Example 4 Regulation of Compound of Present Disclosure in People Suffering from Weight Imbalance

[0159] Since existing data showed that dosmalfate tablets had good safety, several persons suffering from weight imbalance voluntarily tried tablets of compound 3 (dosmalfate tablets) under a condition of meeting requirements of medical ethics.

[0160] Mr. Gao, male, 36 years old, without digestive system or metabolic system diseases, suffering from only mild weight imbalance and having a BMI index of 25. He was administrated with the dosmalfate tablets twice a day (in the morning and in the evening, respectively) with 1 g each time and ate normally. After two months of continuous administration, the BMI index decreased to 22 and body weight returned to a normal level. No adverse reactions related to the dosmalfate tablets occurred during this period.

[0161] Ms. Chen, female, 60 years old, suffering from polycystic ovary syndrome, with a weight of 62 kg and a BMI index of 29. After administrated with the dosmalfate tablets three times a day (in the morning, at noon and in the evening, respectively) with 1.5 g each time for three consecutive months. Subsequently, her body weight decreased to 55 kg and the BMI index was 25.7. During the drug administration, only mild constipation was observed without other adverse reactions.

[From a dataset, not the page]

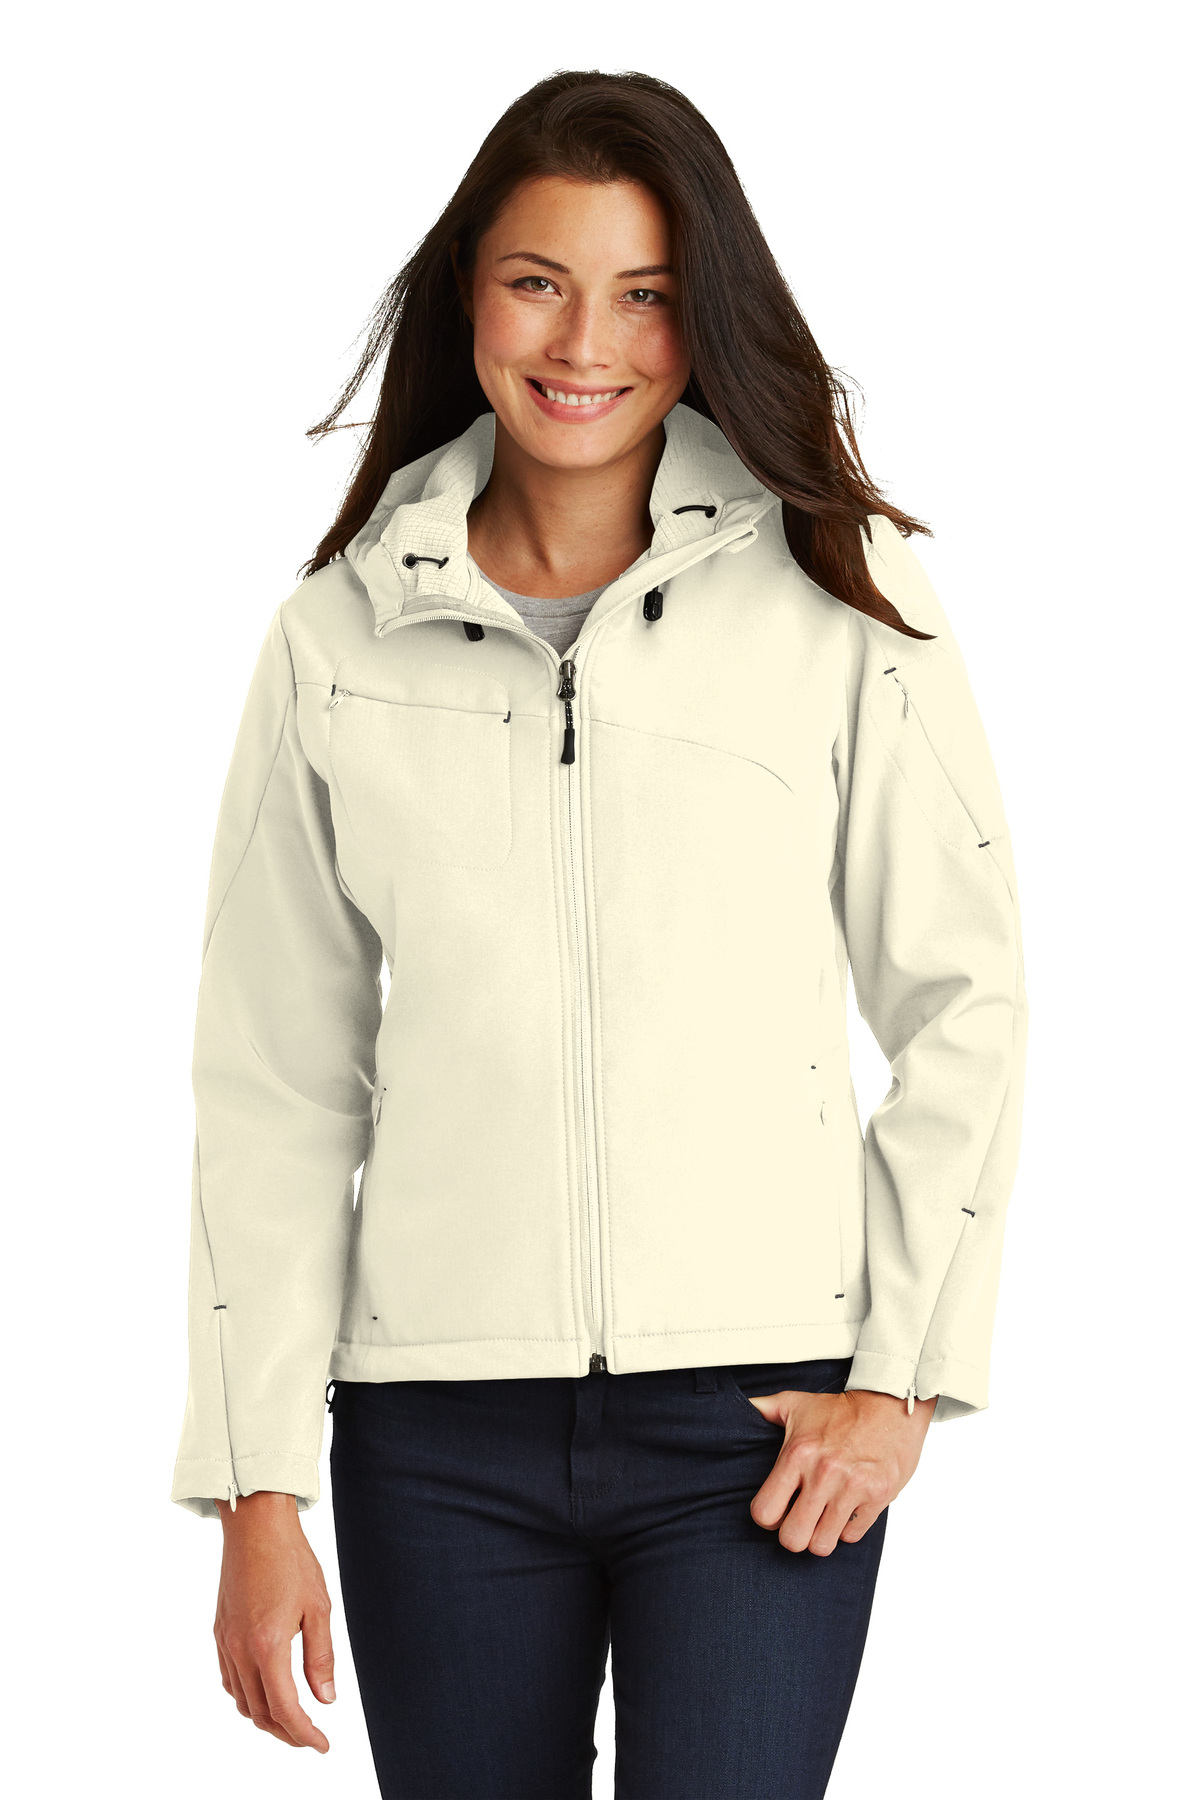 Port Authority Ladies Textured Hooded Soft Shell Jacket | Product | SanMar

[0162] Mr. Sun, male, 64 years old, suffering from obesity and hyperuricemia and having a uric acid level of 680 μmol/L and a weight of 85 kg, with the BMI index up to 32. He was administrated with the dosmalfate tablets three times a day (in the morning, at noon and in the evening, respectively) with 3 g each time for two consecutive months, during which he ate normally. Subsequently, his body weight decreased significantly to 75 kg and the BMI index was 28.2. Although no uric acid-lowering drug was administrated during the drug administration, the uric acid level decreased to 600 μmol/L.

[0163] It is indicated from the above data that the compounds of the present disclosure is safe and effective in regulating body weight imbalance.

[0164] The above only describes some embodiments of the present disclosure and those skilled in the art should understand that these embodiments are only used to illustrate the present disclosure and not intended to limit the scope of the present disclosure. Those skilled in the art can make changes, substitutions and alterations to the solution of the present disclosure based on the concept of the present disclosure. The protection scope of the present disclosure is defined by the claims, covers their equivalent solutions, and should also cover changes, substitutions and alterations which were made based on the present disclosure by those skilled in the art.